The dining room was crowded with young families and couples holding hands. They took a table by the window, one of the only free spots left. There was a crackling fire in the fireplace, and outside, fishing boats bobbed up and down in the harbor.

When Maggie went to the ladies’ room, Alice said, “Now, I know you’re mad at me. Please don’t be. I absolutely hate when you’re mad.”

“I’m not mad,” Ann Marie said.

“Yes, you are.”

She sighed. “Really, Mom, I’m not. It’s fine.”

“It was naughty of me not to tell you,” Alice said. “But you know Kathleen and her kids—when Maggie said she was staying on, I figured she’d probably change her mind any day.”

“But she didn’t.”

“No.”

Alice’s tone took on an edge. “Look. I told you not to come in the first place. If it’s such a burden for you, why don’t you go home?”

Ann Marie felt like a chastened child. She had changed all her plans to be here, yet Alice acted as if she were the ungrateful one.

“I want to stay,” she said to keep the peace. “I’m sorry.”

Alice smiled. “You’ll stay in the big house with me. We’ll put you in that front room with the best view of the water.”

“That sounds nice,” Ann Marie said.

Maggie came back to the table. Alice ordered two glasses of rum punch from the cocktail waitress.

“This one is becoming a killjoy like her mother,” Alice said accusatorily, pointing at Maggie. “Doesn’t drink anymore.”

Maggie had never been much of a drinker, which was hardly a surprise.
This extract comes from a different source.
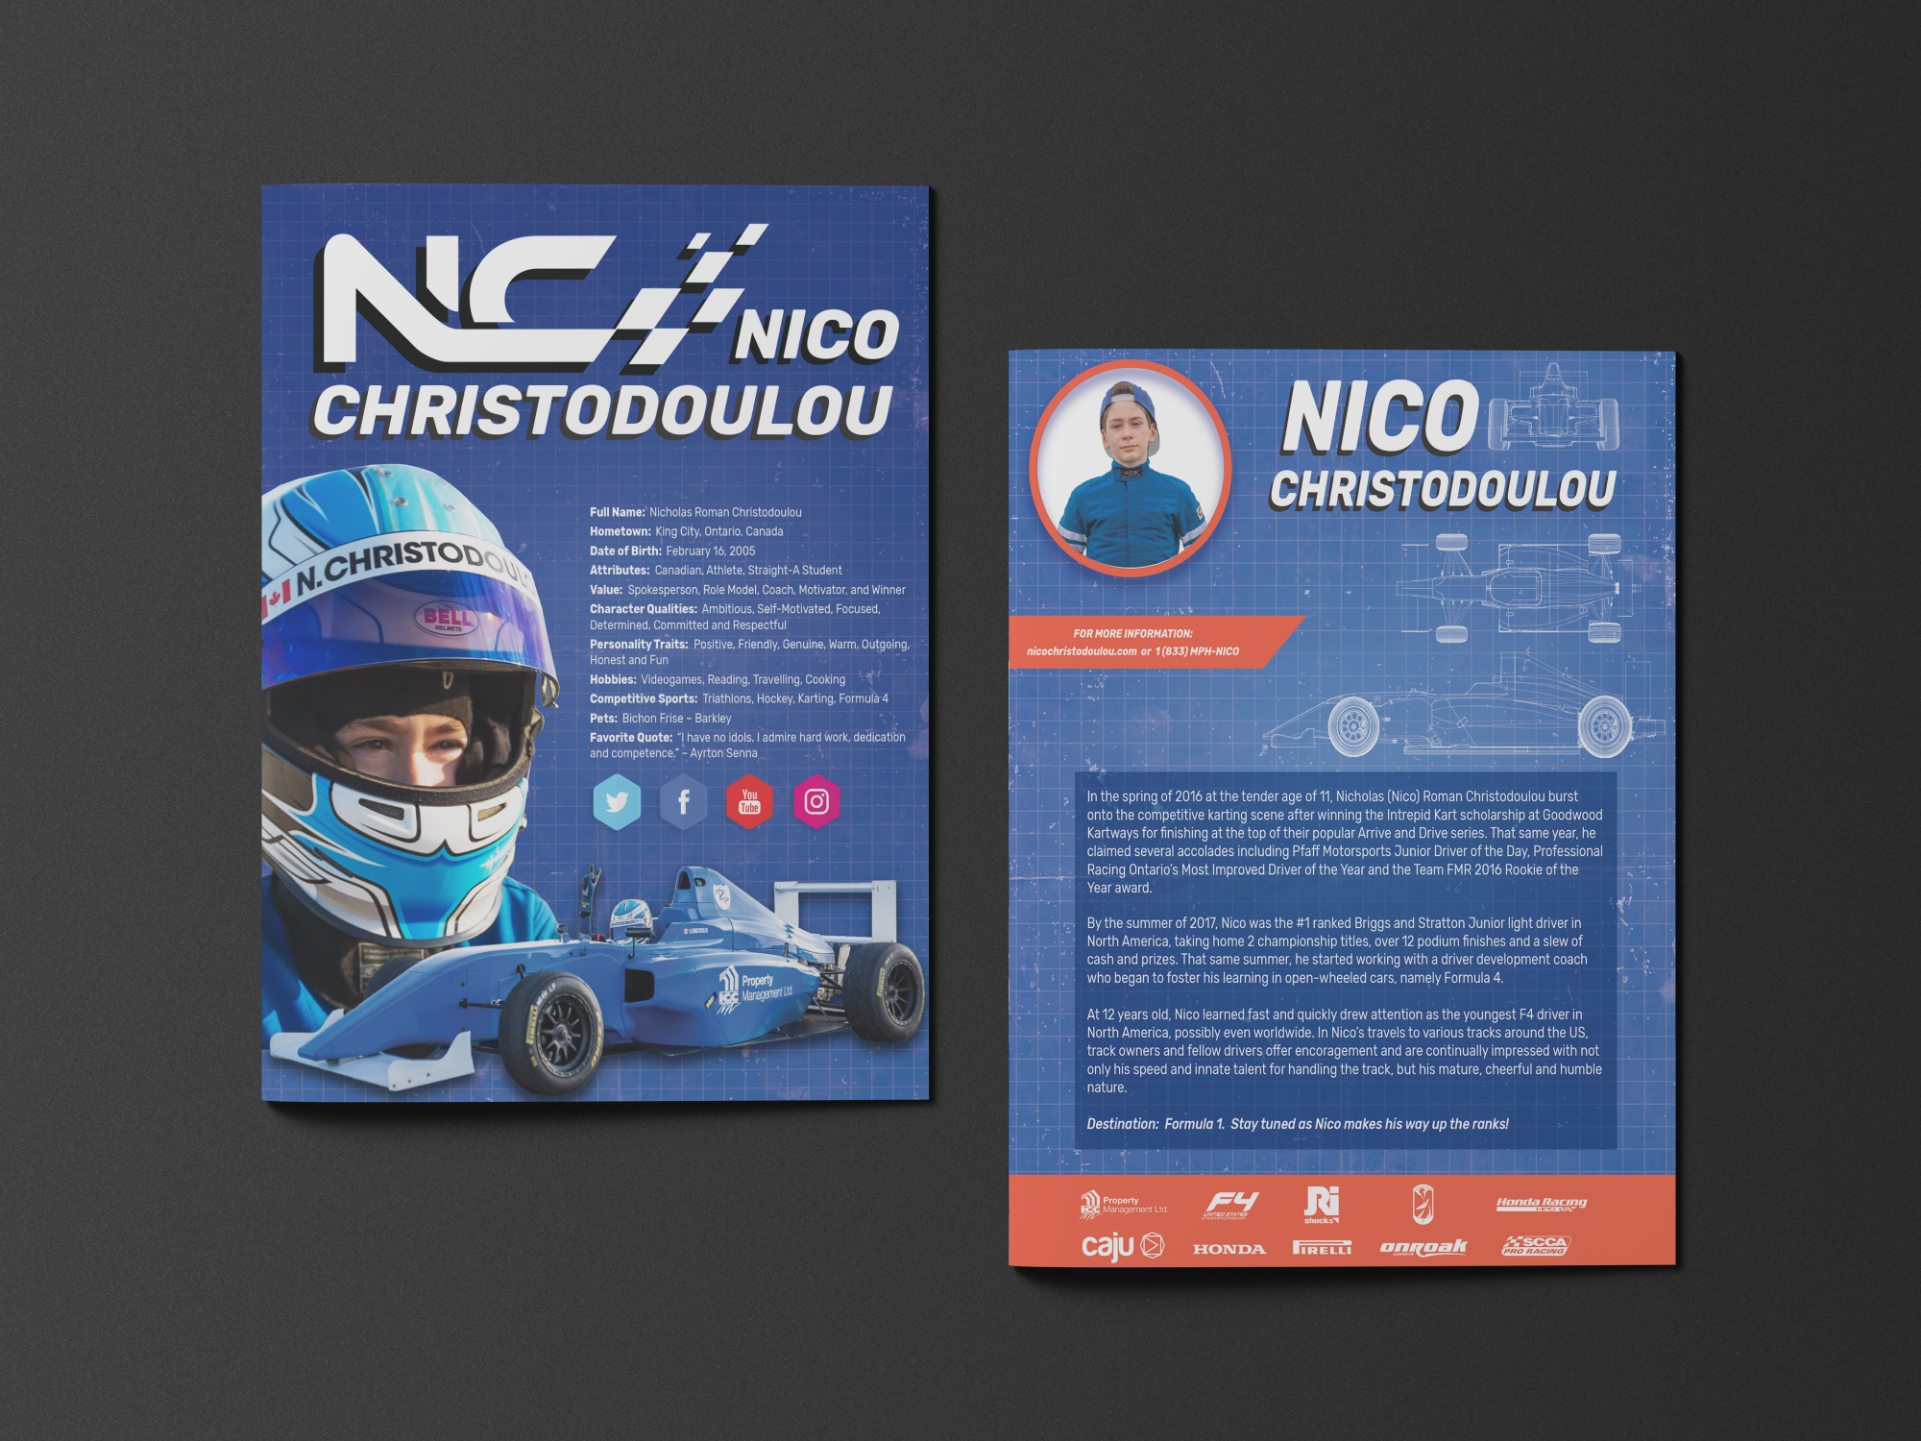 Nico Christodoulou information sheet

In Irish families like theirs, there was always a person or two so terrified of becoming an alcoholic that they never gave themselves the chance. In Ann Marie’s case, it was her sister Susan, who hadn’t had anything stronger than an O’Doul’s since college.

“I’m just on a health kick lately,” Maggie said now. “Trying to lose some weight for summer.”

Ann Marie tightened up, waiting for the inevitable.

“That’s smart thinking,” Alice said. “Obviously you don’t look your best at the moment. But you’re young. The weight will fall right off you.” She paused. “Your hair looks nice, though.”

“Thanks,” Maggie said. She rolled her eyes at Ann Marie.

Alice switched gears. “Ann Marie, did you see that awful story on the news about the black boy in Dorchester who got killed by one of those scummy gangs? Two blocks away from the house I grew up in. What is wrong with these blacks? They’re mad for murdering each other. It’s their favorite hobby. They can’t help themselves.”

“Grandma!” Maggie hissed.

“What? It’s true.”

Maggie looked flummoxed. “There’s a lot of history there. A lot of inequality and suffering.”

“Oh, please,” Alice said. “Our ancestors had to suffer horrible racism when they got to this country—there were IRISH NEED NOT APPLY signs in every window in Boston. Our people were treated worse than dogs. But they never made excuses. They helped themselves up, just the way the blacks should have done.”

“It’s different. African Americans’ ancestors came here on slave ships and ours came here by choice.”

“Do you really call dying from famine or going off to some unknown land a choice?” Alice said. “And did you really just compare the Irish to the blacks?”

“You shouldn’t call them the blacks like that,” Maggie said.

Alice looked genuinely confused. “What should I call them? Afro-Americans? Or Negroes, as we said when I was young.”